Linear regression with one independent variable is easy. It is easy to us for humans. But how machine knows what is the best line thru points? Math helps again!
In example lets take very trivial dataset in python:
points = [ [1,1], [2,2], [3,3], [4,4], [5,5], [6,6], [7,7], [8,8], [9,9] ]
And some lines of python code
a_old = 34 # random initial value
a_new = -2 # random initial value
b_old = 34 # random initial value
b_new = 3 # random initial value
learningRate = 0.01 # step size
precision = 0.00001
while abs((a_new – a_old)-(b_new – b_old) ) > precision:
ret = stepGradient(b_new, a_new, points, learningRate)
a_old = a_new
b_new = ret[0]
b_old = b_new
a_new = ret[1]
print ret[0]
print ret[1]
print “—-“
And stepGradient code is behind gradient descent formula
def stepGradient(b_current, a_current, points, learningRate):
b_gradient = 0
a_gradient = 0
N = float(len(points))
for i in range(0, len(points)):
b_gradient += -(2/N) * (points[i][0] – ((a_current*points[i][1]) + b_current))

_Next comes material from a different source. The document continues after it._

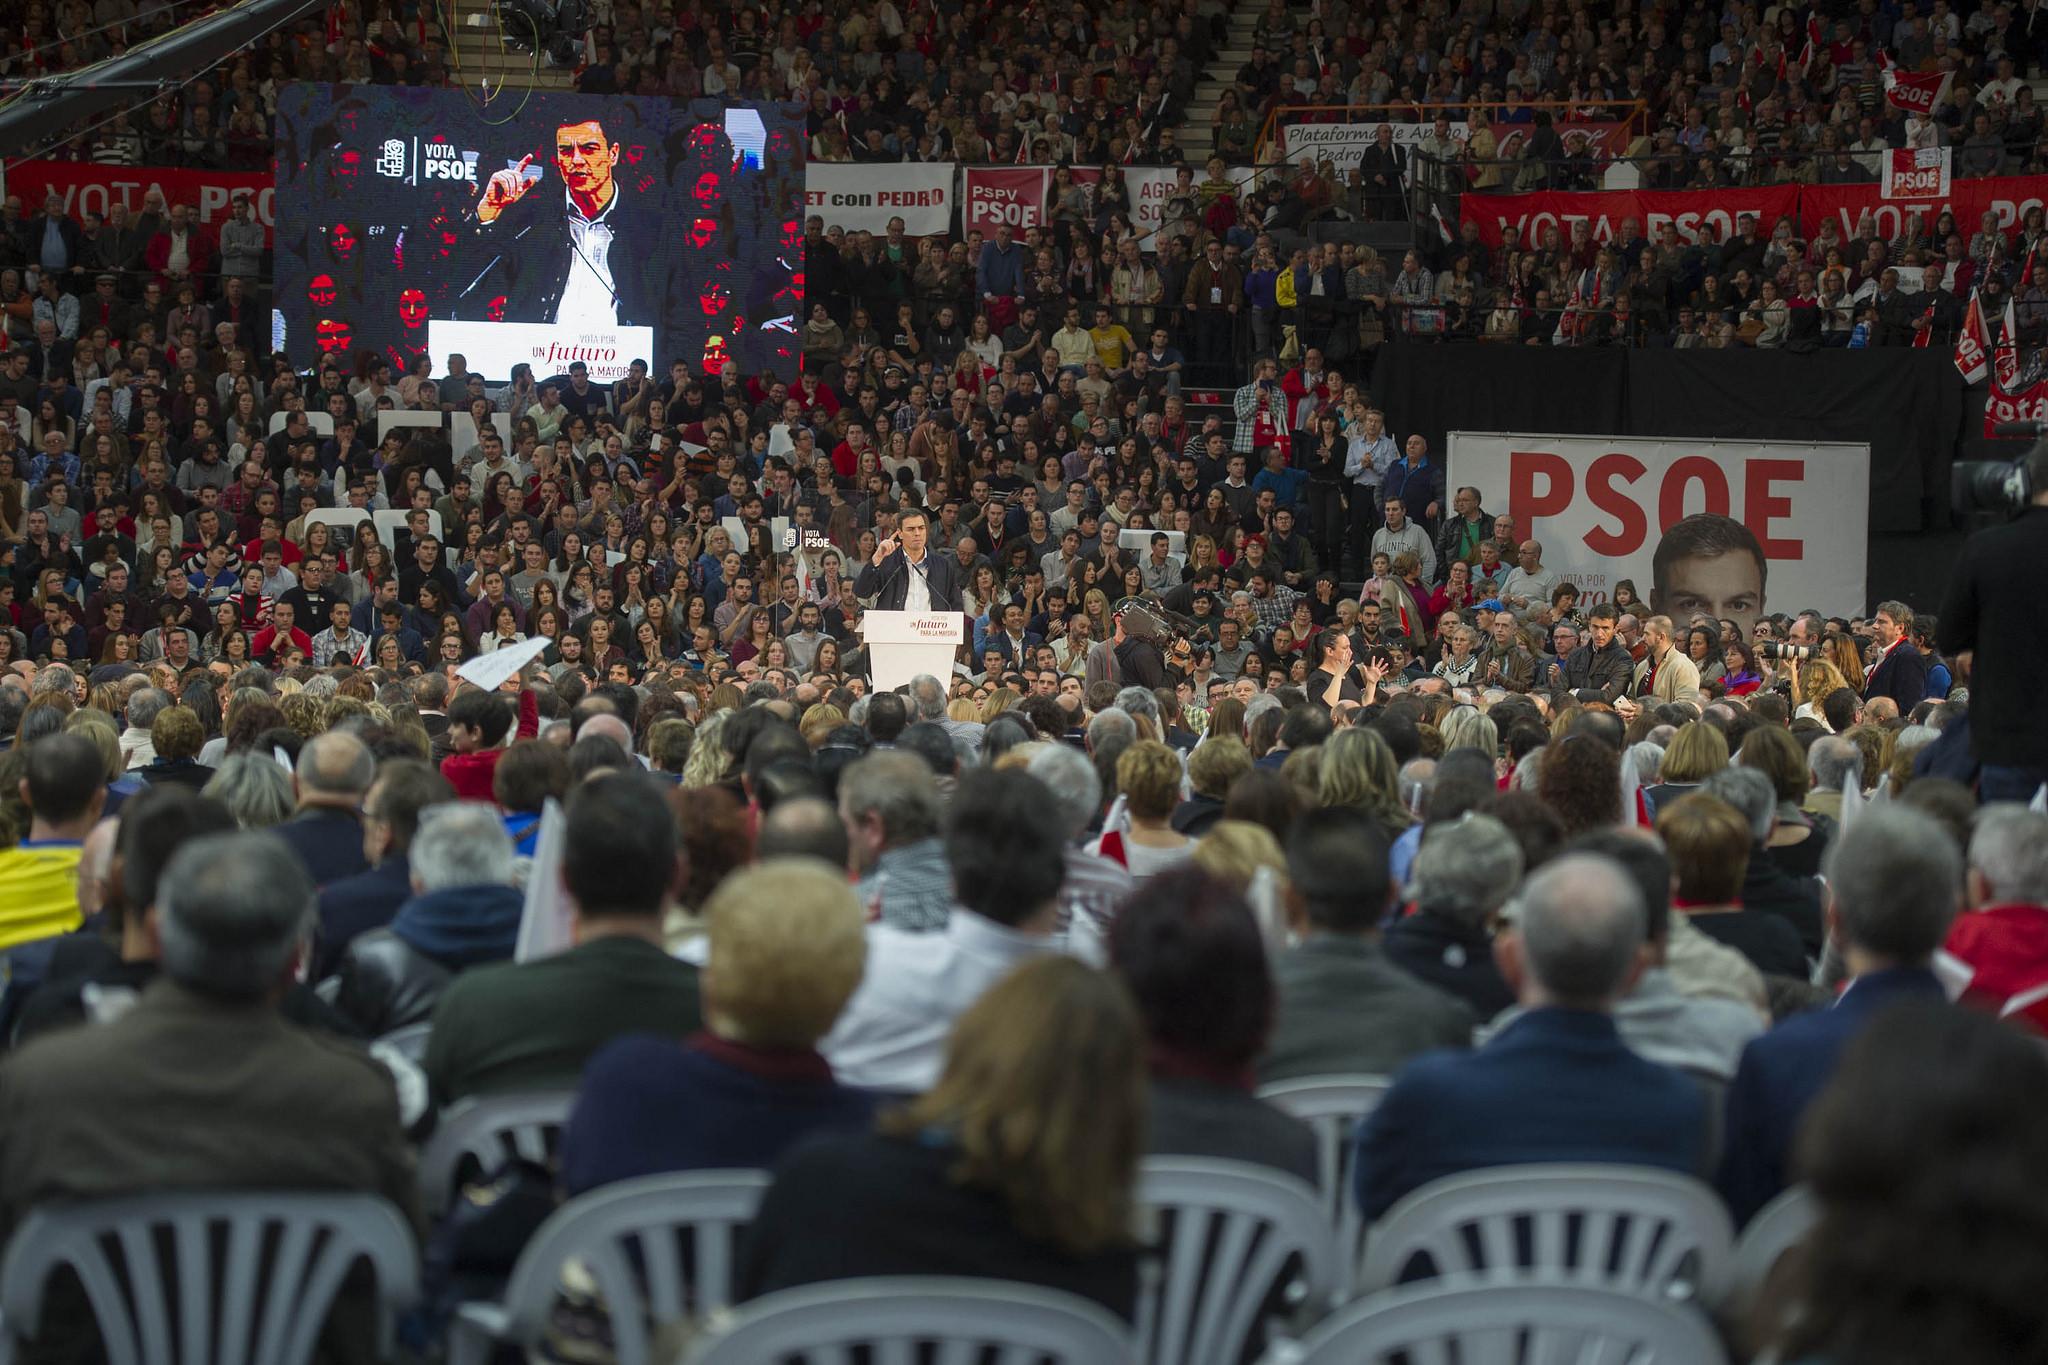 Mitin del Pedro Sánchez, líder del PSOE

a_gradient += -(2/N) * points[i][1] * (points[i][0] – ((a_current * points[i][1]) + b_current))
new_b = b_current – (learningRate * b_gradient)
new_a = a_current – (learningRate * a_gradient)
return [new_b, new_a]
After running our code, at least in my computer the last two rows are:
0.0152521614476
0.997576043517
So the first one is basically 0 and the last one in 1 – pretty perfect in our case.